The quantity of hydrocarbons dissolved in the solvent and recovered as fuel gas amounts to some 0.3% on intake. Nonrecoverable hydrocarbon losses are found to be less than 0.05% on intake.

After 2 years of operation, no significant solvent degradation has been observed. Furthermore, the low foaming tendency of the solvent has been maintained with minimum use of antifoam agent.

Equipment inspection carried out during the maintenance shutdown in July 1990 did not reveal any significant corrosion.

FUTURE DEVELOPMENTS

Following the minor modifications implemented during the first maintenance shutdown, operation of the Emmen plant is considered satisfactory in terms of plant capacity and product quality. The plant also complies with the stringent environmental permits.

Current efforts are essentially directed toward further optimization of plant performance with respect to operating costs and compliance with requirements resulting from evolving environmental legislation.
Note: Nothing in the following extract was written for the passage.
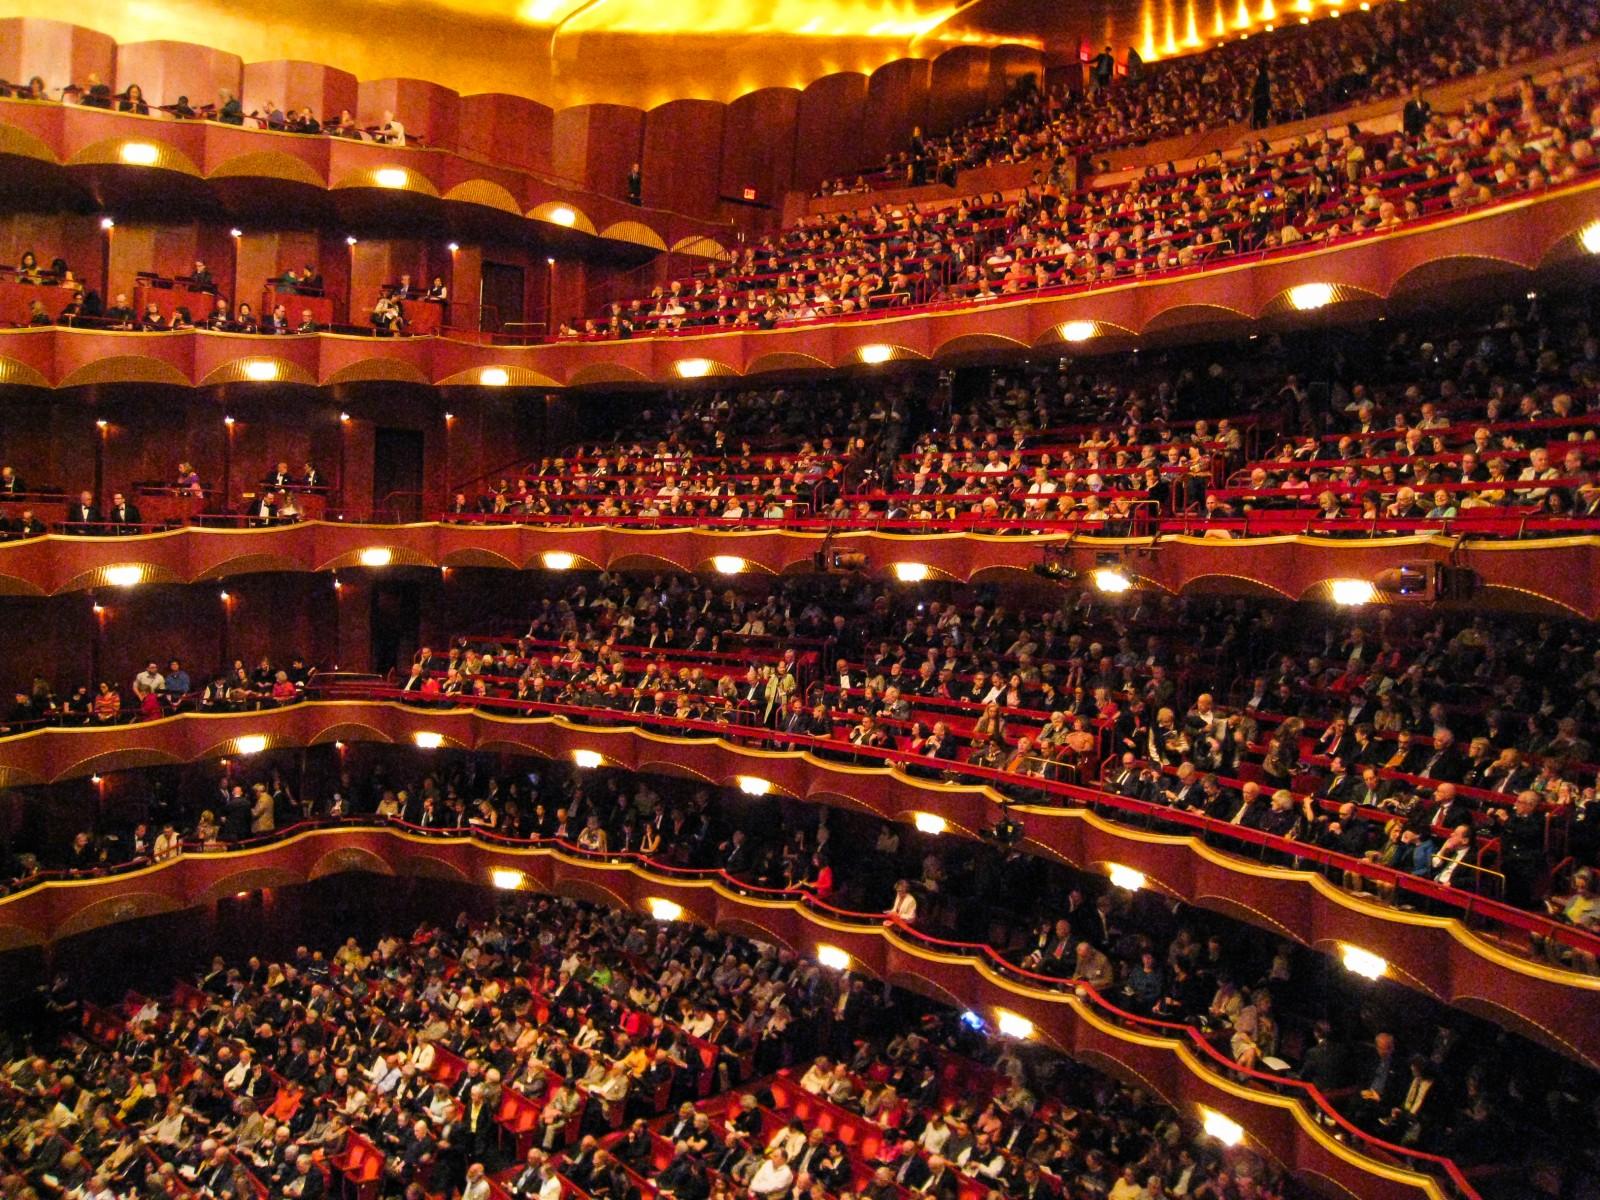 ny2014-metropolitan-opera-44-of-54-e1399301279634

Experience with the Emmen plant over more than 2 years has proven the ability of the Sulfinol-M process to meet a tough treating challenge in an economical, flexible, and reliable way.

Two further Sulfinol-M plants, both similar to the Emmen lineup, are now under construction:

  • Natural gas treating and conditioning plant, south of Mobile, Ala. (Shell Offshore Inc.'s Yellowhammer plant)

  • A syngas treating plant at Buggenum, The Netherlands (part of the Demkolec demonstration plant for the Shell coal gasification process).

REFERENCES

  1. Nasir, P., "A mixed solvent for a low total sulfur specification," American Institute of Chemical Engineers summer national meeting, Aug. 19-22,1990, San Diego.

  2. Wetzels, M.L.J.A., Dam, W., and Hugill, J.A., "The SCOT Process: still very much alive nearly twenty years after its first introduction," Western Research Seminar, November 1990. Budapest.